WORK REQUEST: Using the data that follows, give again word for word the lines between the one holding "Cheap flights, Hotels" and the one holding "Pin 2012 Ducati", inclusive. Omit the pictures.

PROVIDED DATA:
Segment Open
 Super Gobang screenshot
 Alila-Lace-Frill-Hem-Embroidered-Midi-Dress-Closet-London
Segment Closed
Segment Open
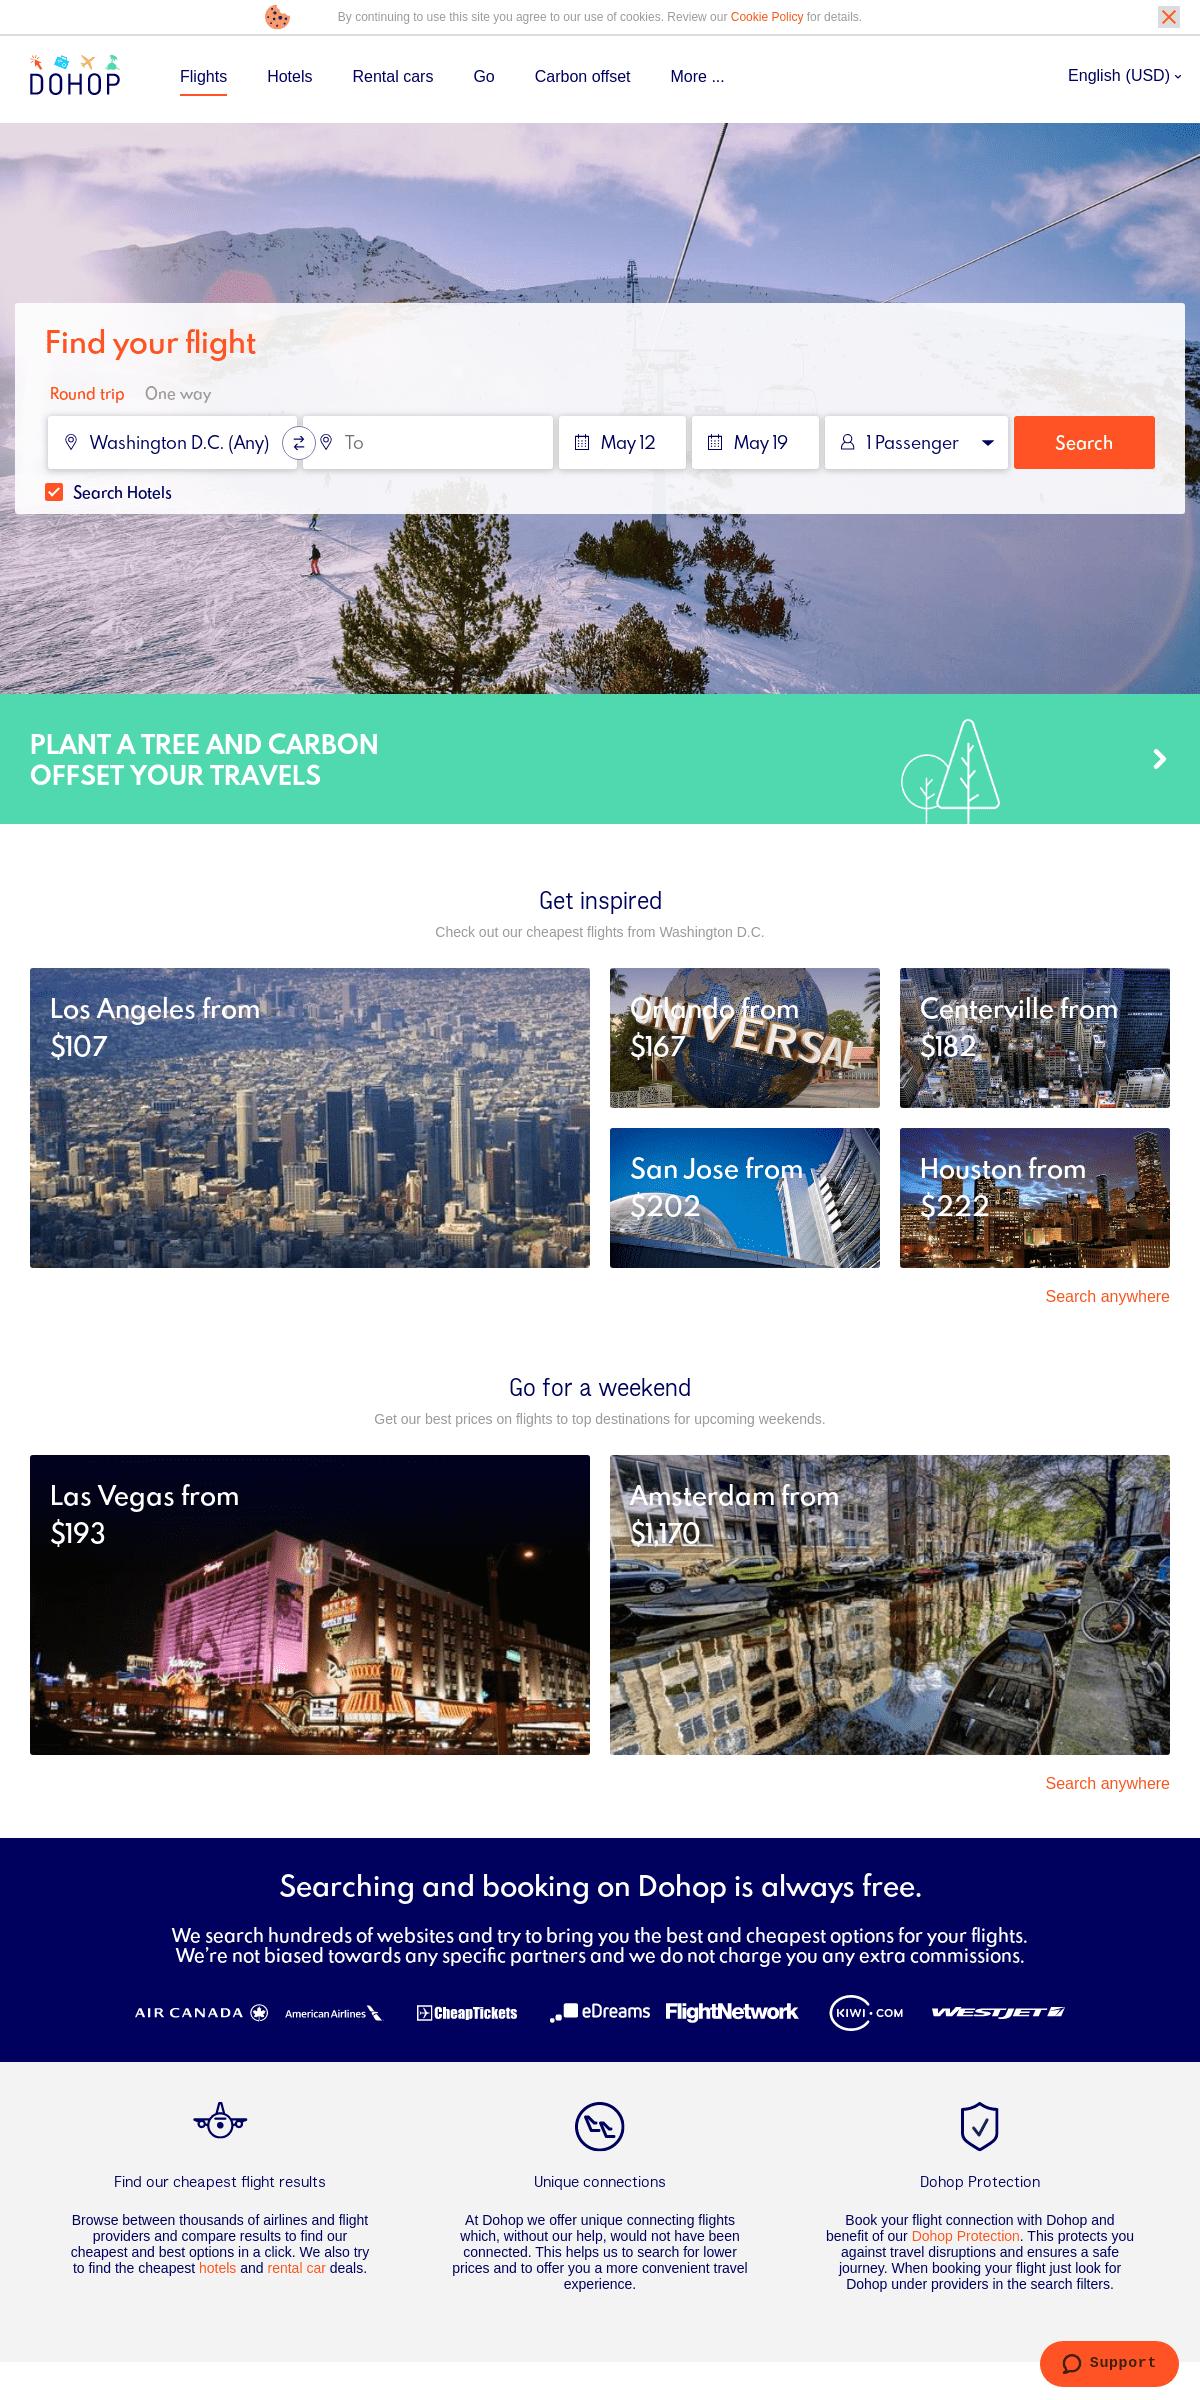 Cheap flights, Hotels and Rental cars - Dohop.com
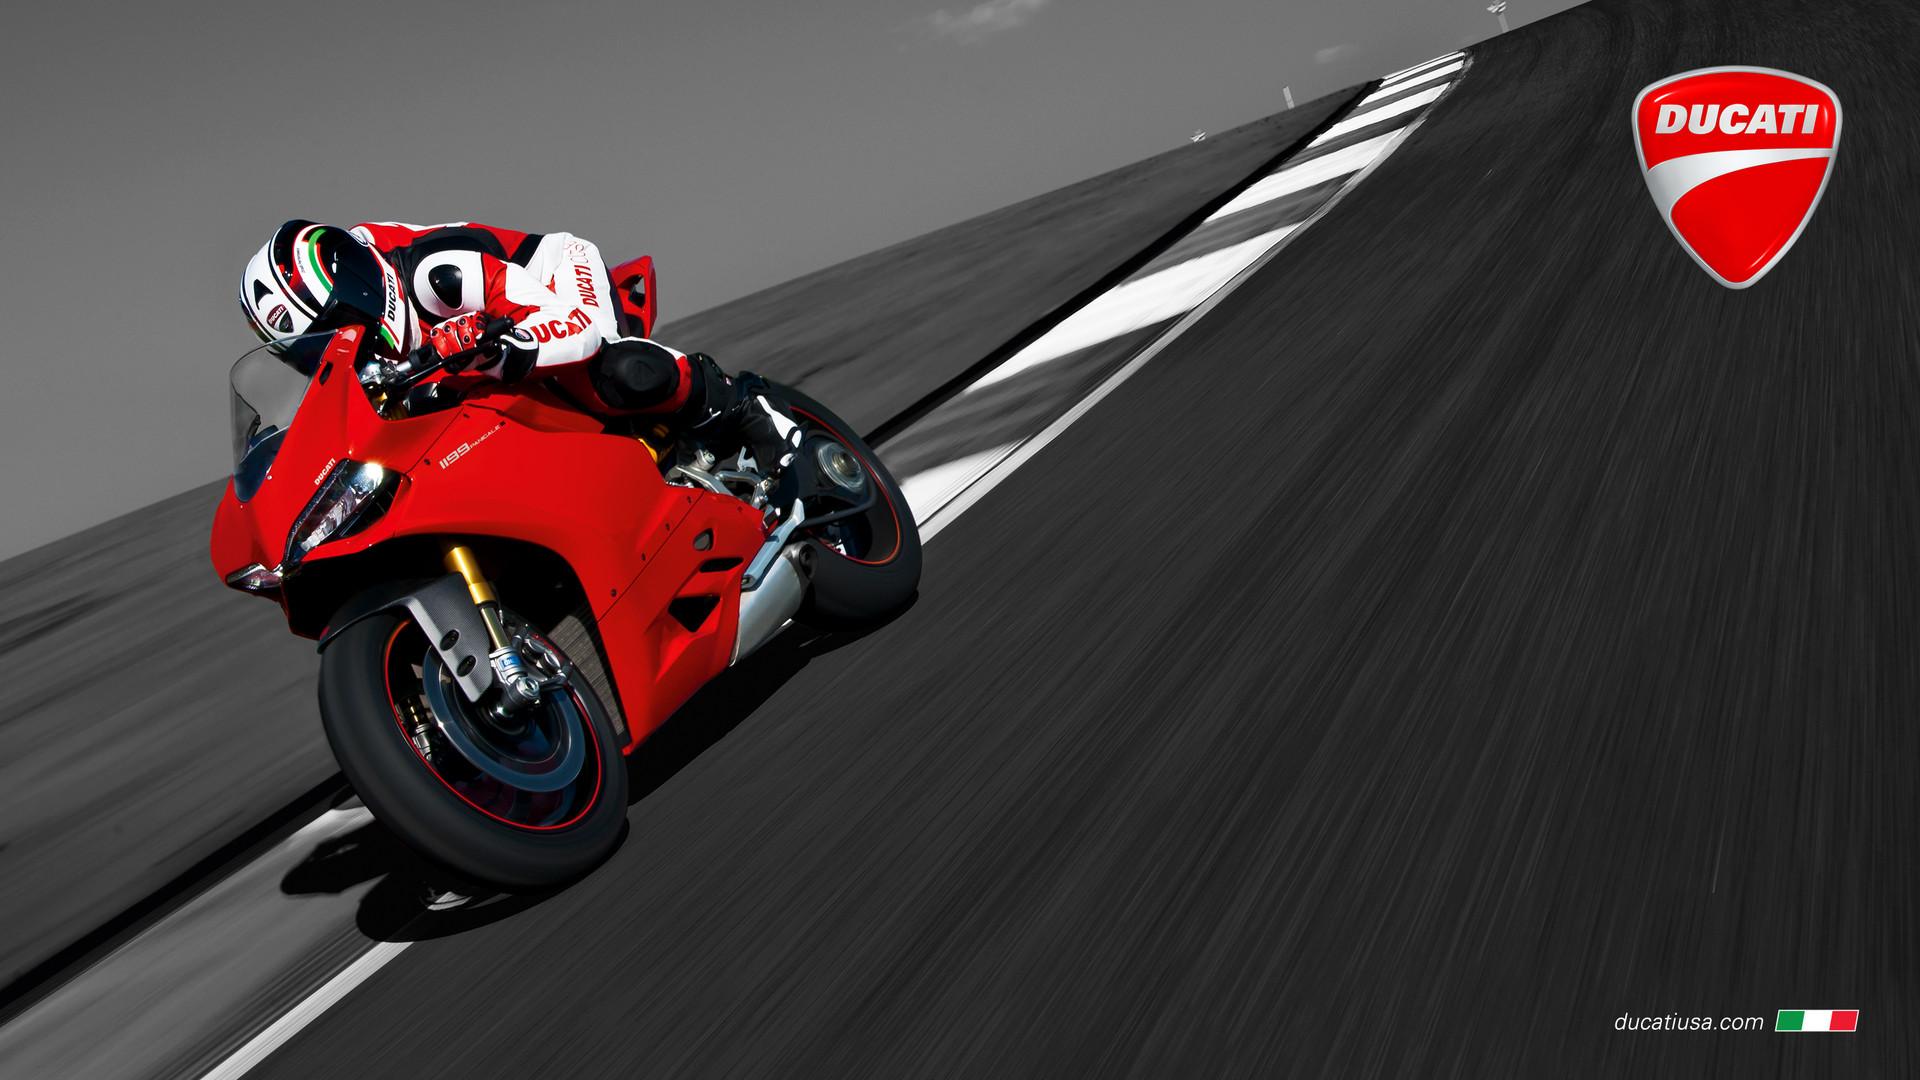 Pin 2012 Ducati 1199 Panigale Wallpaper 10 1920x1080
Segment Closed
Segment Open
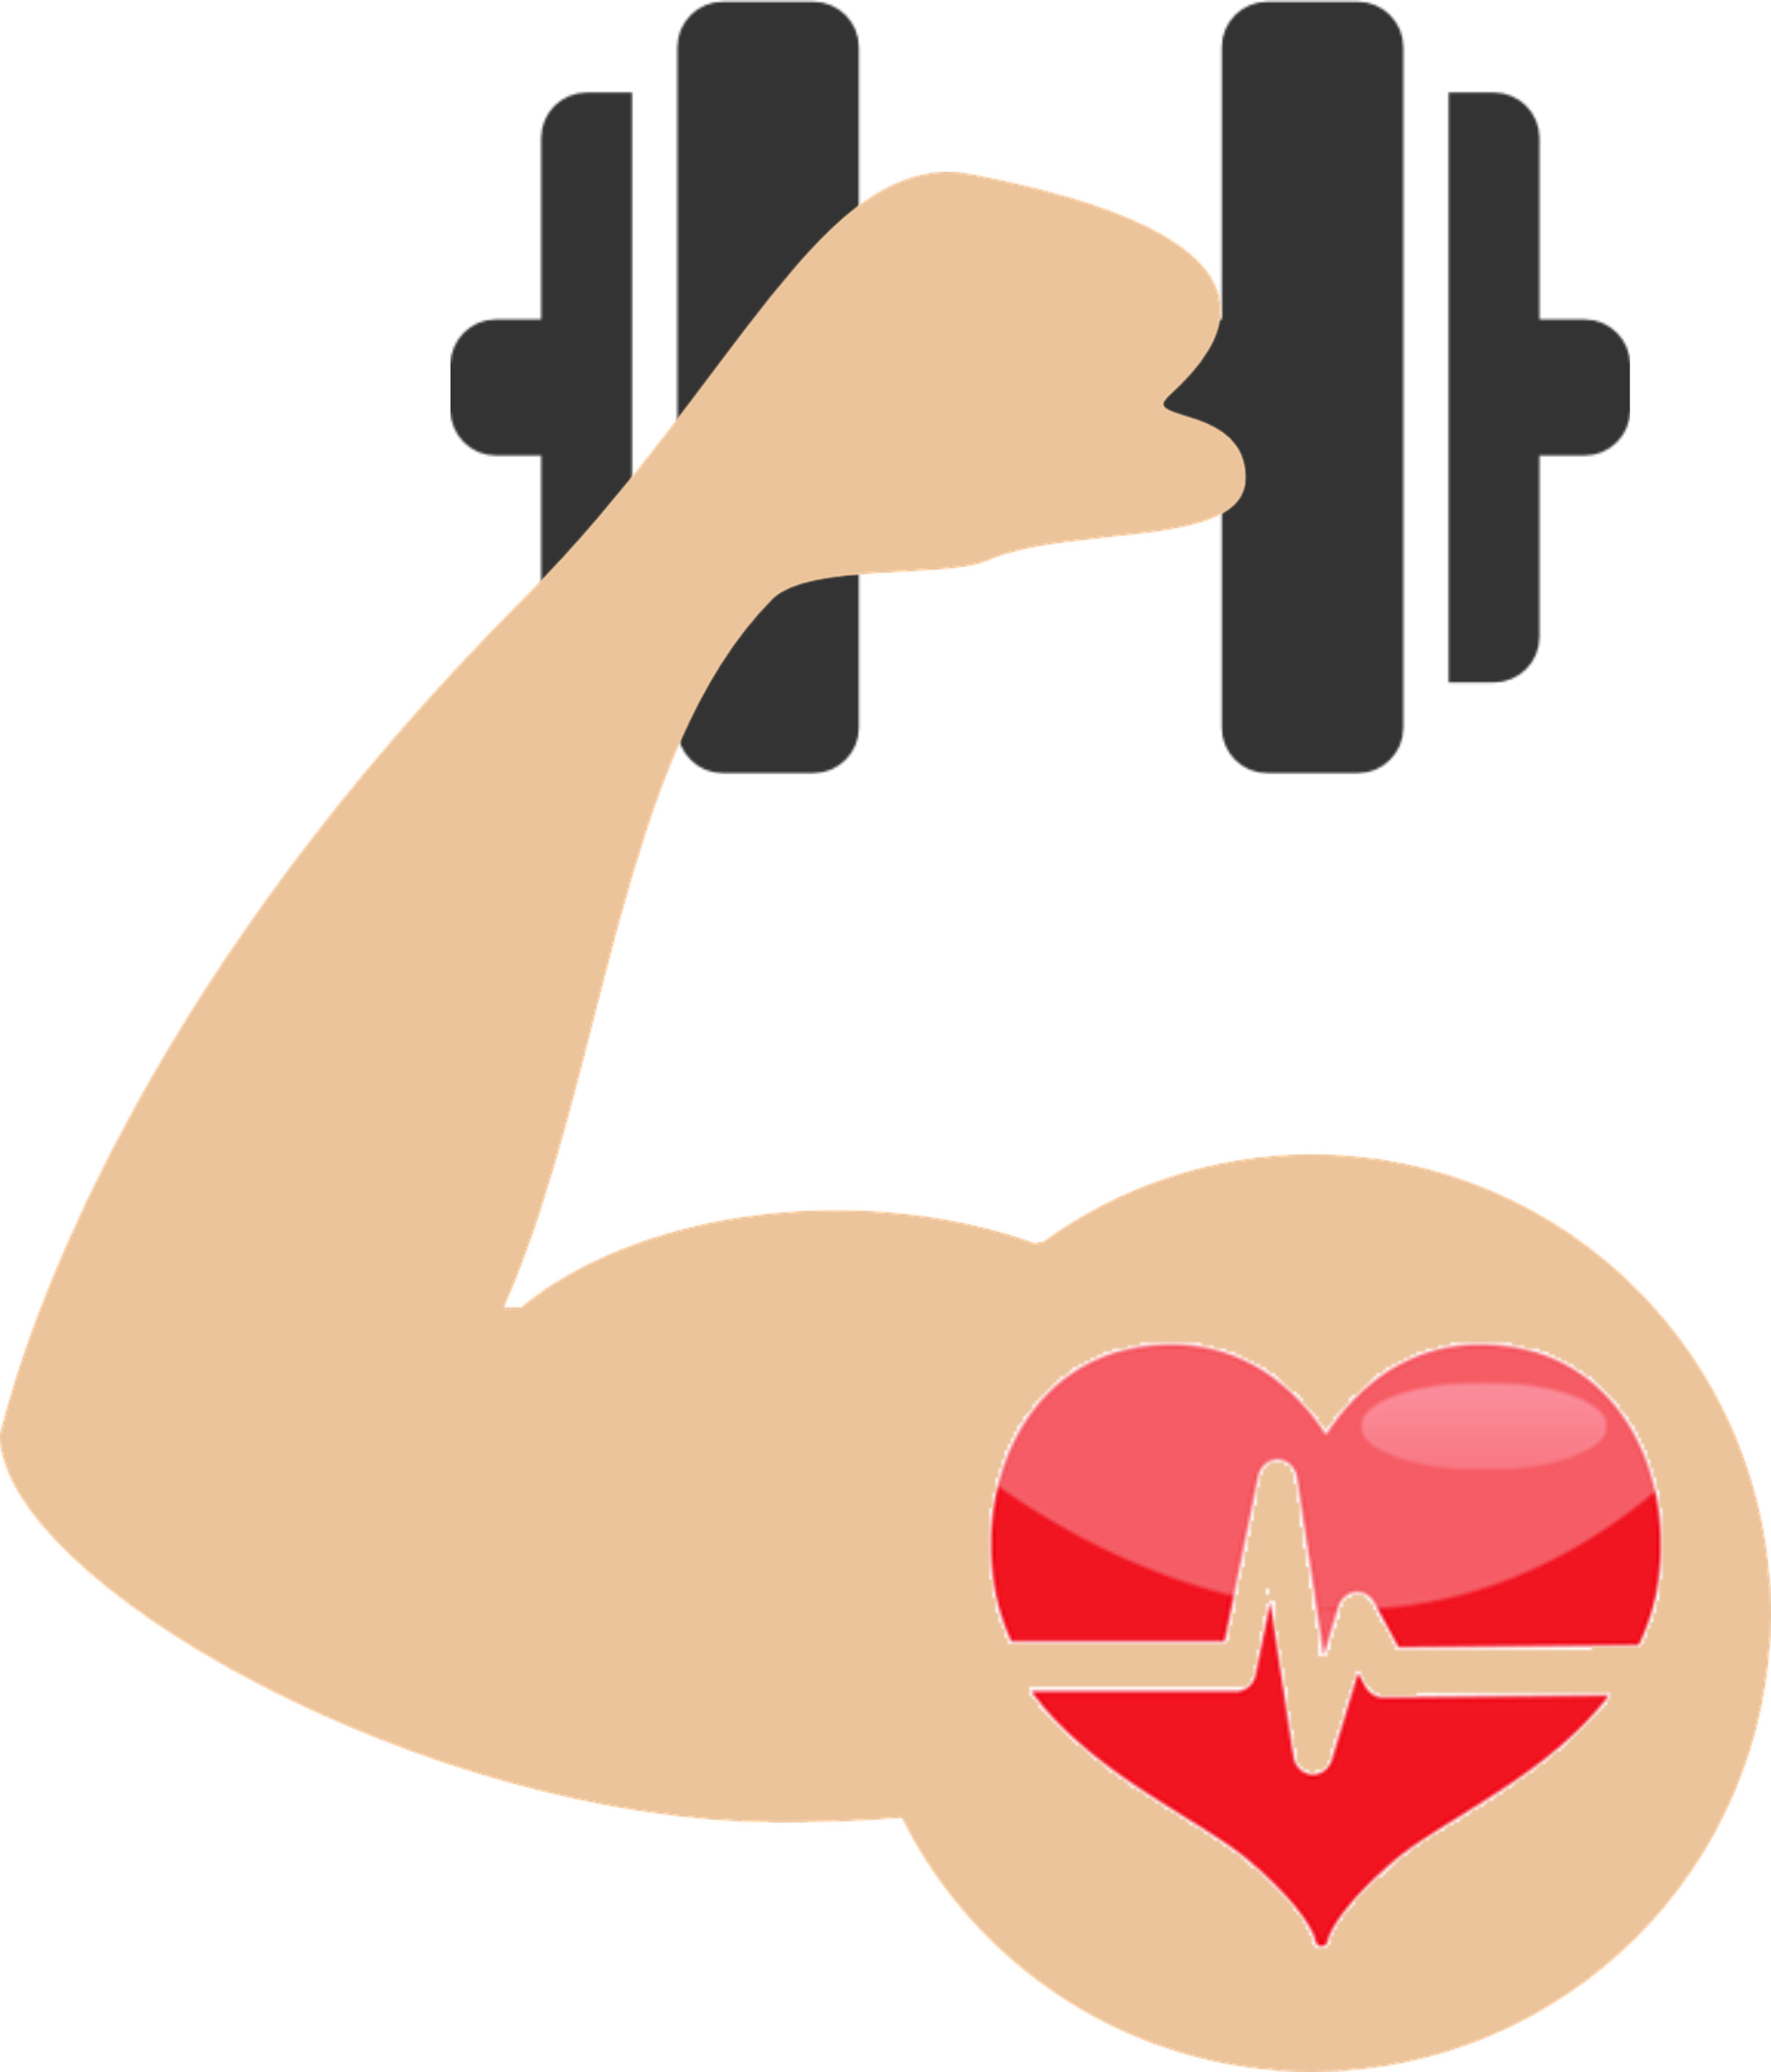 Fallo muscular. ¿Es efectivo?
Segment Closed
ANSWER:
 Cheap flights, Hotels and Rental cars - Dohop.com
 Pin 2012 Ducati 1199 Panigale Wallpaper 10 1920x1080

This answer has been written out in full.